What Shaking a Container Can Teach Us About Touch

Summary: Study sheds light on the human ability to understand how an object moves inside a container, revealing how different kinds of information can be conveyed via the sense of touch.

Source: McGill University

We shake cereal boxes and milk cartons to figure out if there is enough for breakfast. We can easily tell if there is enough toothpaste left in the tube, or if we have enough vitamin tablets left in a bottle. For these actions, we rely on our sense of touch (and hearing).

New research led by Ilja Frissen, Associate Professor in McGill’s School of Information Studies, with Professor Catherine Guastavino, demonstrates a natural human ability to understand how an object moves inside a container, providing new insights into the different kinds of information that can be conveyed through the sense of touch.

In the future, Frissen said, understanding how people can decipher the hidden contents of a container could help create a more natural and comprehensive communication between humans and machines, such as smart devices, as well as educational simulation tools and accessibility technologies for those with visual impairments. 

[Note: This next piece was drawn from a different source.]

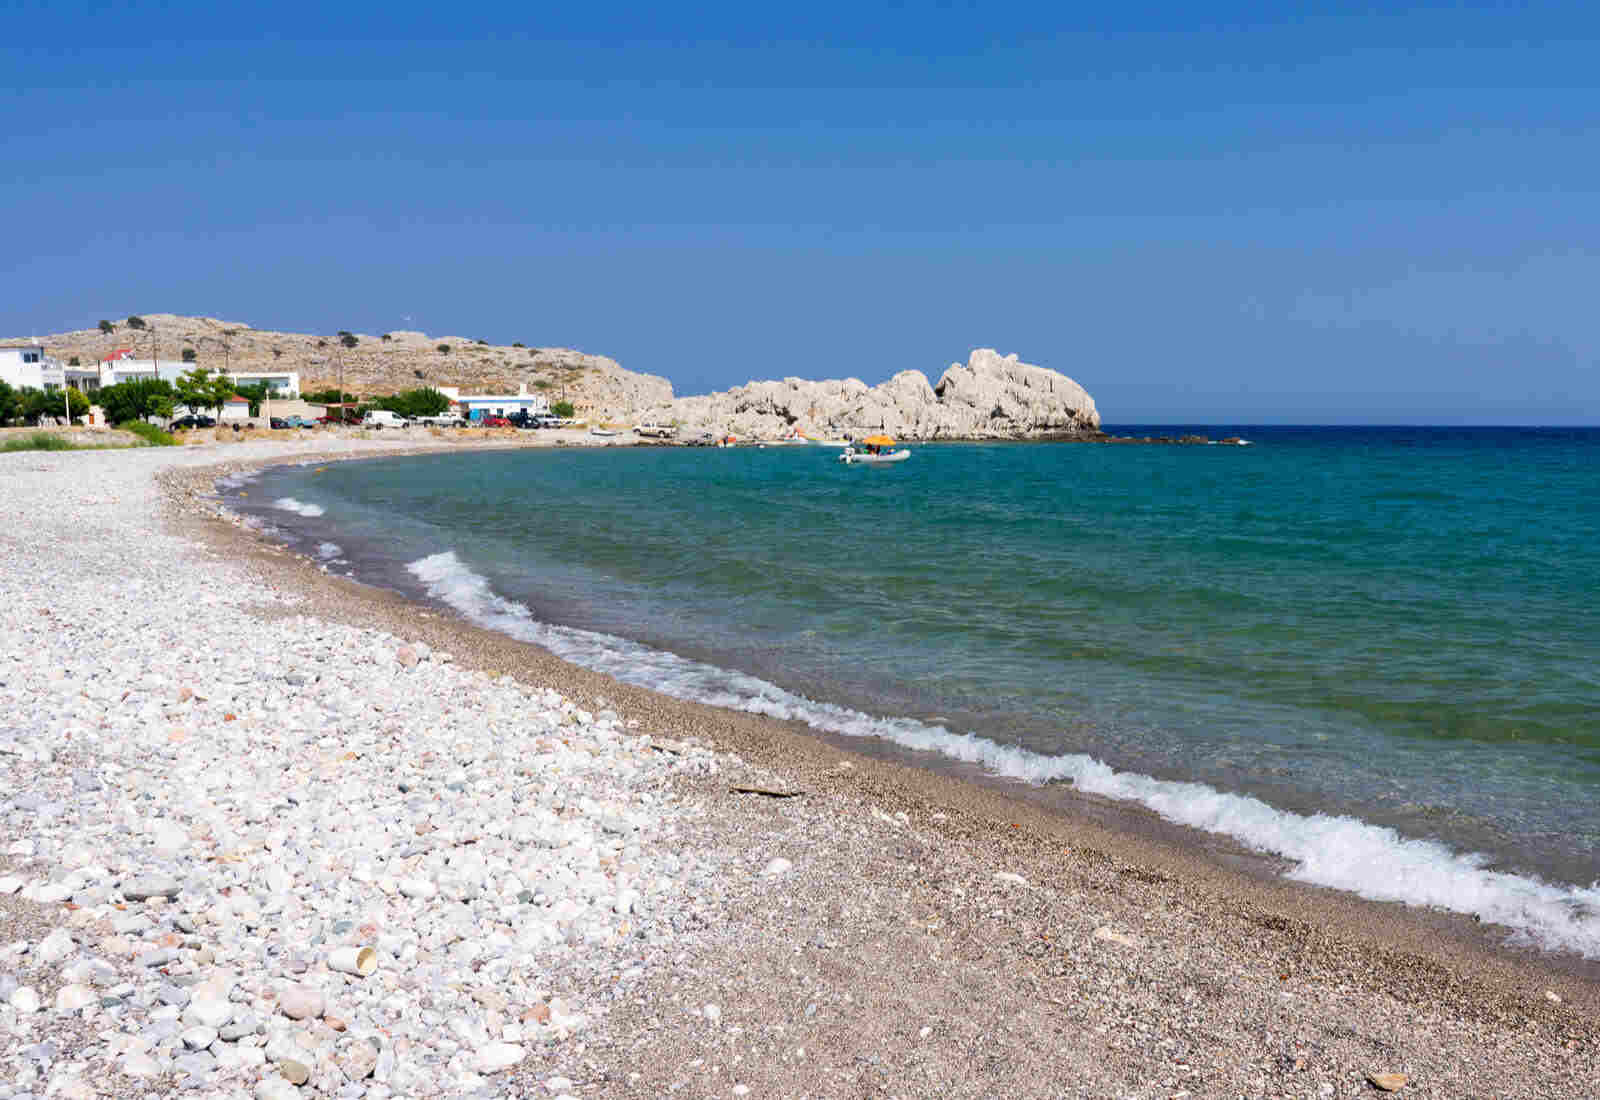 Rhodos Karte Strände.Die Schönsten Strände Auf Rhodos Strandurlaub Rhodos Weg De

Researchers created a set of five fiberglass tubes that contained a metal ball that could move between two internal walls.

This shows someone handing over a gift box
“We found that our participants, who received no particular training, were surprisingly accurate in doing this curious task.” Image is in the public domain

Seventeen people participated in this perceptual study. They were asked to figure out how far the ball had rolled inside the tube.

In a second experiment, researchers used virtual reality technology to simulate and isolate the various physical cues that occur, such as the ball rolling along a surface or bouncing off an internal wall.

“We found that our participants, who received no particular training, were surprisingly accurate in doing this curious task. And thanks to the virtual reality technology we were able to start piecing together how the various physical cues played a role,” Frissen said. 

About this sensory perception research news

Author: Press Office
Source: McGill University
Contact: Press Office – McGill University
Image: The image is in the public domain

Original Research: Closed access.
EXPRESS: Humans sense by touch the location of objects that roll in handheld containers” by Ilja Frissen et al. Quarterly Journal of Experimental Psychology


Abstract

EXPRESS: Humans sense by touch the location of objects that roll in handheld containers

Humans use active touch to gain behaviourally relevant information from their environment, including information about contained objects. While most common, the perceptual basis of interacting with containers remains largely unexplored.

The first aim of this study was to determine how accurately people can sense, by touch only, the location of a contained rolling object.

Experiment 1 used tubes containing physical balls and demonstrated a considerable degree of accuracy in estimating the rolled distance.

The second aim was to identify the relative effectiveness of the various available physical cues.

Experiment 2 employed virtual reality technology to present, in isolation and in various combinations, the constituent haptic cues produced by a rolling ball, which are, the mechanical noise during rolling, the jolts from an impact with an internal wall, and the intensity and timing of the jolts resulting from elastic bounces.

The rolling noise was of primary importance to the perceptual estimation task suggesting that the implementation of the laws of motion is based on an analysis of the ball’s movement velocity.

While estimates became more accurate when the rolling and impact cues were combined, they were not necessarily more precise.

The presence of elastic bounces did not affect performance.